I totally understand what your saying. Anyone should work thier way up but sometime people use different way. I totally agree with you when you say that your type of photography requires alot more since the clients you deal with are probably high profiles and required images that fit a specific application and they will deffinetly not hired some douche around the corner with a d40 and a kit lens with no expertise and talent. I didnt hear any one on here creating a thread " hey i only have a entry level DSLR with a kit lens and i have been asked to shoot a major fashion shoot with fashion mag, Should i call a make up artist and use a speedlight?" I really doubt that alot of newbies are taking that much business from you since the clients you deal with wants the high quality images your able to provide them.

I think the part where the newbies are getting more business from the full time photographers is with familly pictures, pets and all that stuff that someone with a decend camera and some lights can manage to learn on and makes some side money with. 
I am sorry but to all the professionals full time who gets pissed about people like me who has the luxury of working another job, rent a studio on the side , buy gears in between bills is willing to get little money to do something they really like to do well, i feel sorry for you to be insecure enough to cry about it. 

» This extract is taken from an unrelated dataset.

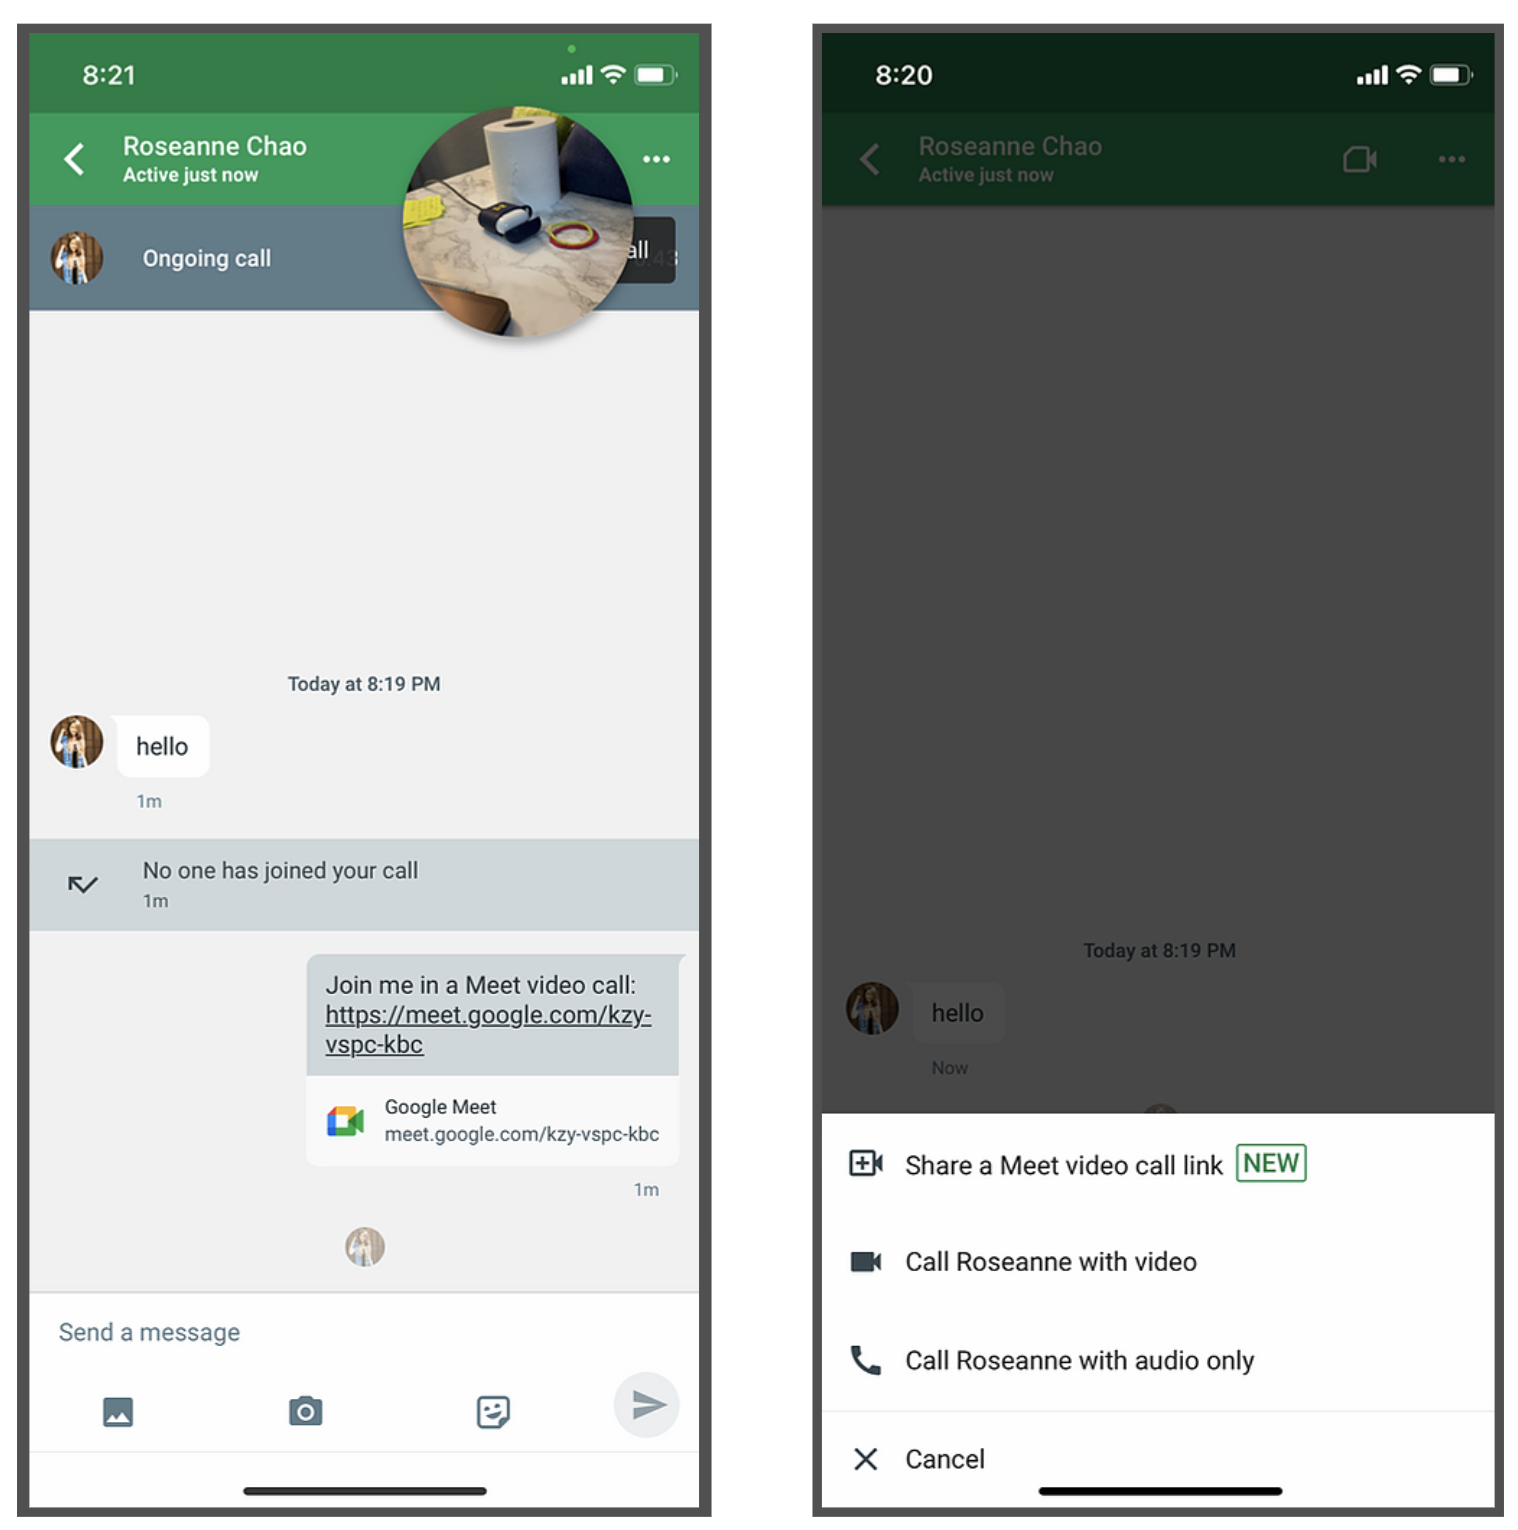 Google Hangouts keeps all chats. Users can call each other directly through the chat.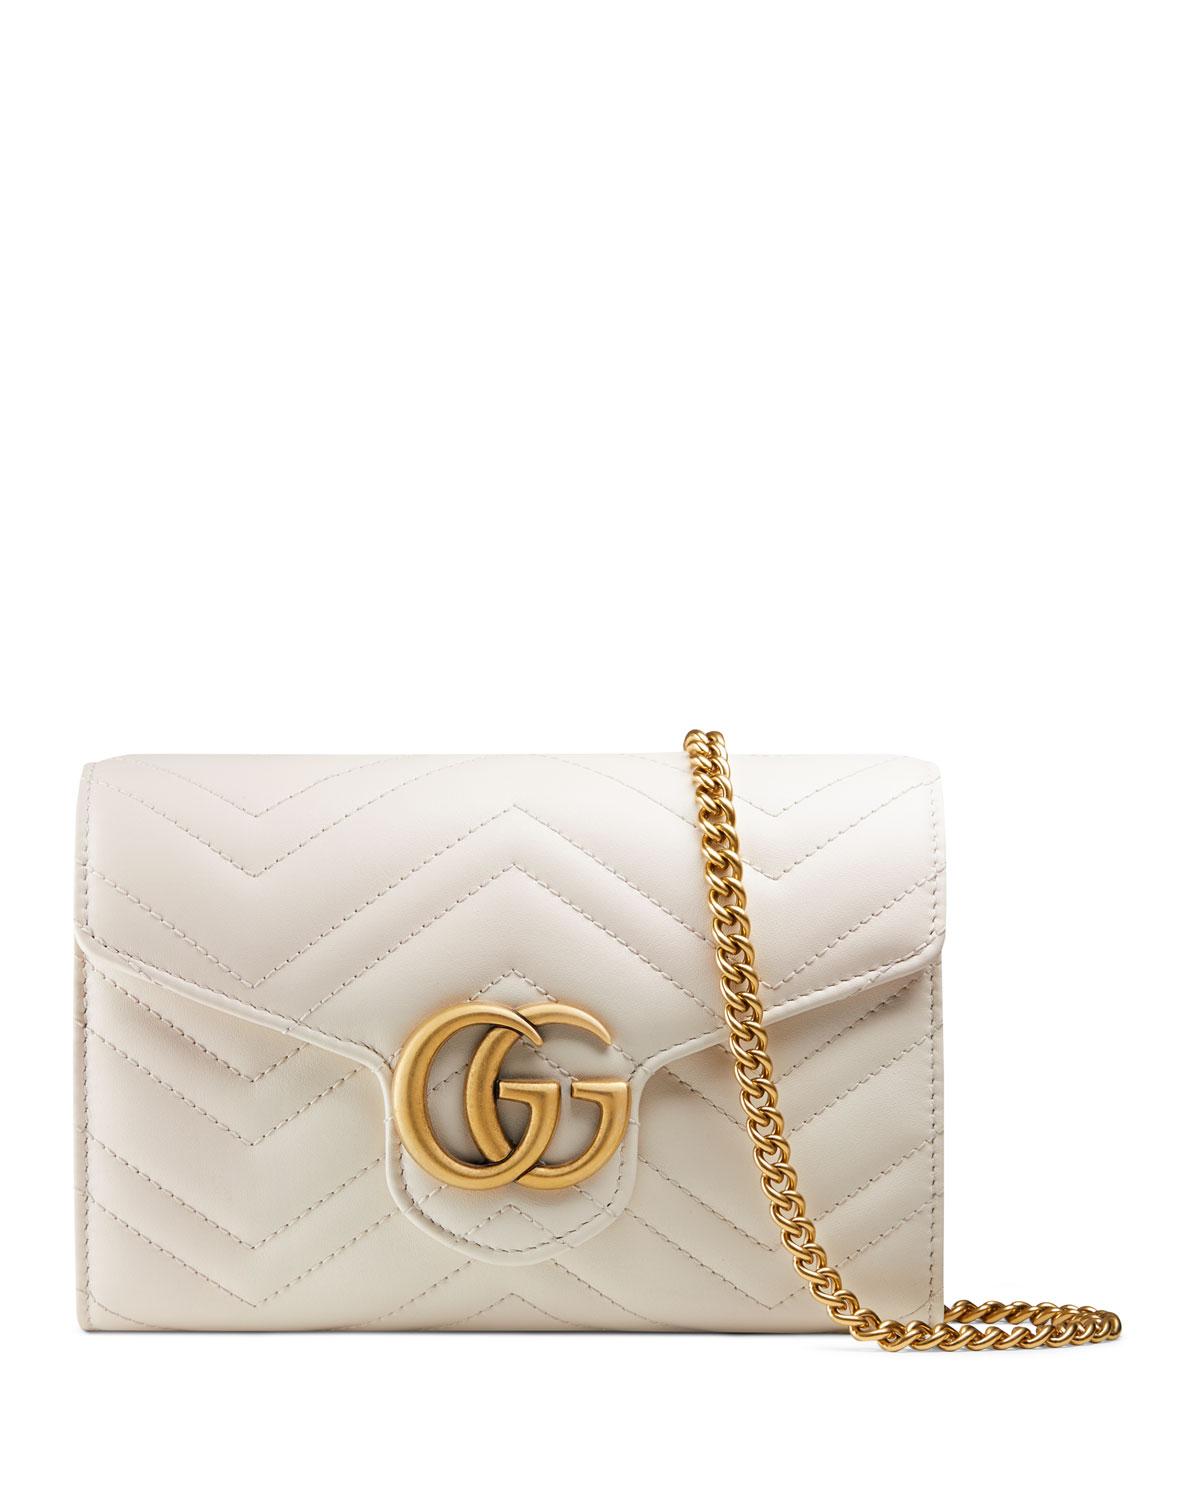 Gucci Gg Marmont Matelassé Leather Wallet On A Chain in White - Lyst

Dont you also think that if clients and peoples dont see the difference anymore between the professionals full time and the part time shooter end products, this might be a sign that these part time shooters are getting better and working thier way up producing quality images. Dont you think that the 20 year shooters that get business taken from them should bring thier photography to a higher level and create something different that will stands out?!

If the level of photography you offer to you clients is no better than the one the part time shooter offers at 1/2 the price well sorry pal but you might be failing, or the new photographer in town is becoming your concurence.

Its true that alot of wanna be photographers out there are really bad but i see and know alot of non professional shooter who does a GREAT job.
I also see alot professional who charges a alot of money for pictures that are also doing a mediocre work.
Last weekend i fixed some "full time professional" mistakes on a friend photos. 
One of my friend got maried last summer, gave 2500$ to a full time pro and received not so good pictures that do not reflect the work advertised at all and wanted me to fix her shots. 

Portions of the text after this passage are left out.